Court of Appeals of Arizona, First Division
Aug 15, 2024
1 CA-CV 23-0400 (Ariz. Ct. App. Aug. 15, 2024)

Opinion

1 CA-CV 23-0400

08-15-2024

MANINDER CHATHA, et al., Plaintiffs/Appellants/Cross-Appellees, v. DARMINDER MARWAH, et al., Defendants/Appellees/Cross-Appellants.

Fennemore Craig, PC, Phoenix By Timothy J. Berg, Joseph A. Schenk, Heather A. Macre Counsel for Plaintiffs/Appellants/Cross-Appellees Holden Willits, PLC, Phoenix By Robert G. Schaffer, Nelson A. F. Mixon Counsel for Defendants/Appellees/Cross-Appellants


Not for Publication - Rule 111(c), Rules of the Arizona Supreme Court

Appeal from the Superior Court in Maricopa County No. CV2018-005519 The Honorable Daniel G. Martin, Judge The Honorable Dewain D. Fox, Judge

Fennemore Craig, PC, Phoenix By Timothy J. Berg, Joseph A. Schenk, Heather A. Macre Counsel for Plaintiffs/Appellants/Cross-Appellees

Holden Willits, PLC, Phoenix By Robert G. Schaffer, Nelson A. F. Mixon Counsel for Defendants/Appellees/Cross-Appellants

Judge Kent E. Cattani delivered the decision of the Court, in which Presiding Judge Daniel J. Kiley and Judge D. Steven Williams joined.

MEMORANDUM DECISION

CATTANI, JUDGE

¶1 Dr. Maninder Chatha, Dr. Mandeep Sahani, Arizona Renal Investments, LLC, and Desert Kidney Associates, PLC, ("DKA") (collectively, "Appellants") appeal the superior court's grant of summary judgment in favor of Dr.
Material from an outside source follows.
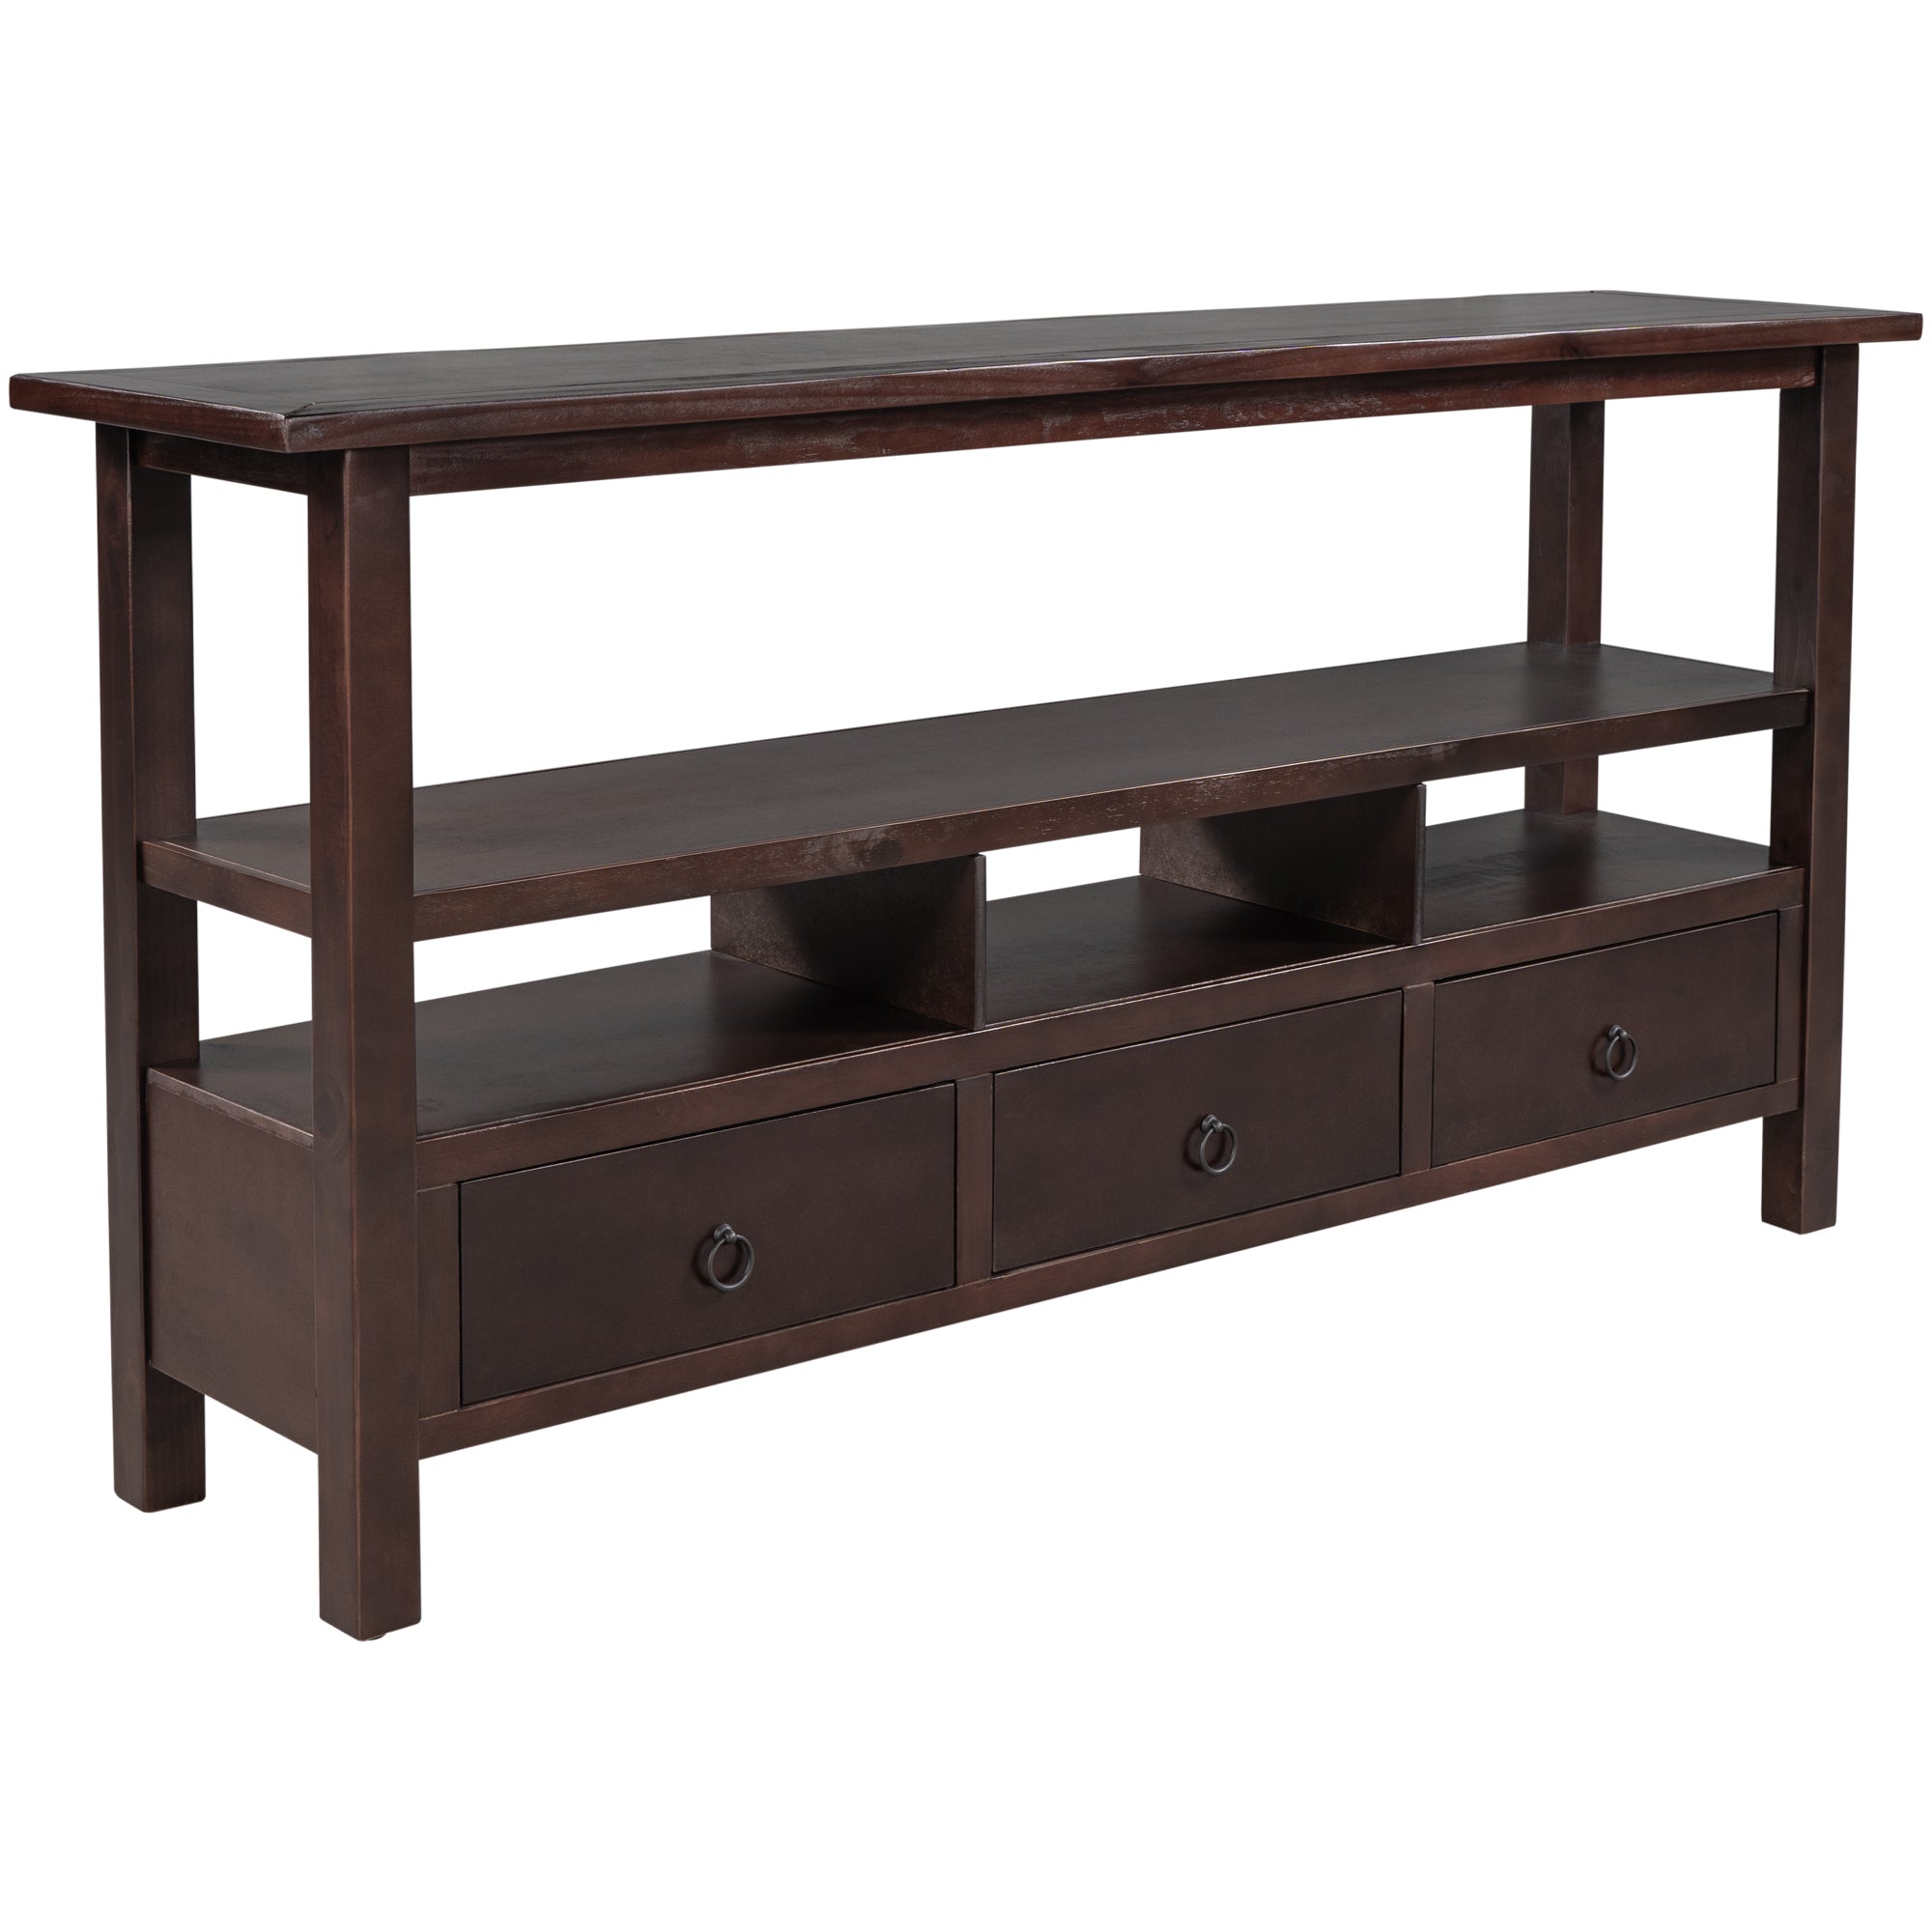 TREXM Antique 2-tier Table Top with Three Drawers (Espresso)
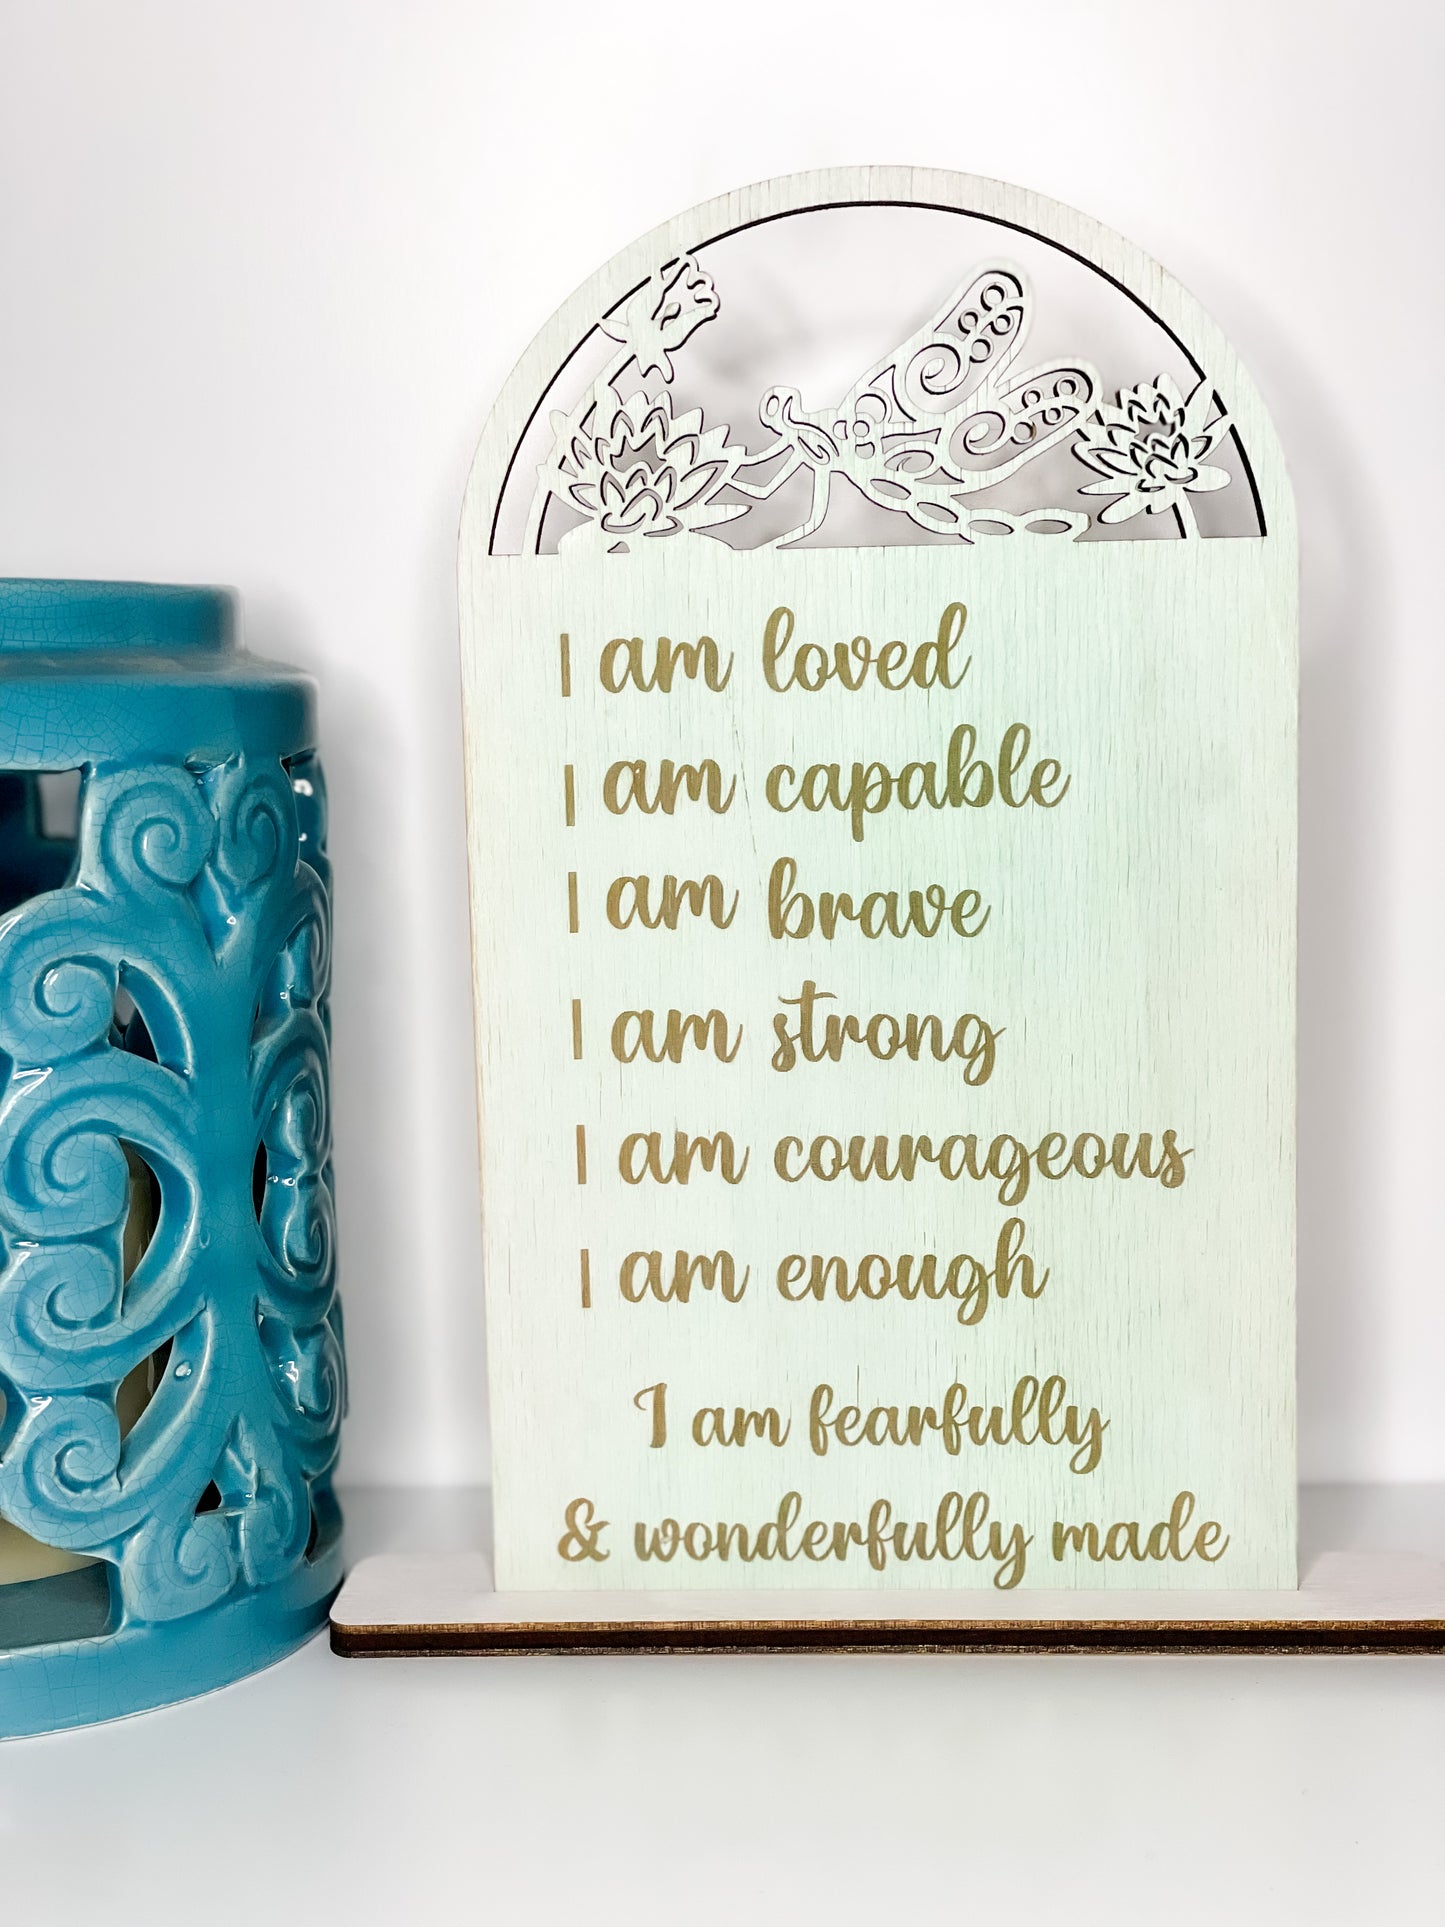 Inspire someone - Daily Affirmation - for him - for her | Perfect for a teen or tween.

Dharminder Marwah, ("Marwah"), his wife, Dr. Gurjot Marwah, Hervinder Consulting, LLC, Marwah Capital Holdings, LLC, and Healing Minds, PLC (collectively, "Appellees") on their claims and Marwah's contract counterclaims. Marwah cross-appeals the court's ruling denying prejudgment interest on his contract claims. For reasons that follow, we reverse and remand the court's grant of summary judgment.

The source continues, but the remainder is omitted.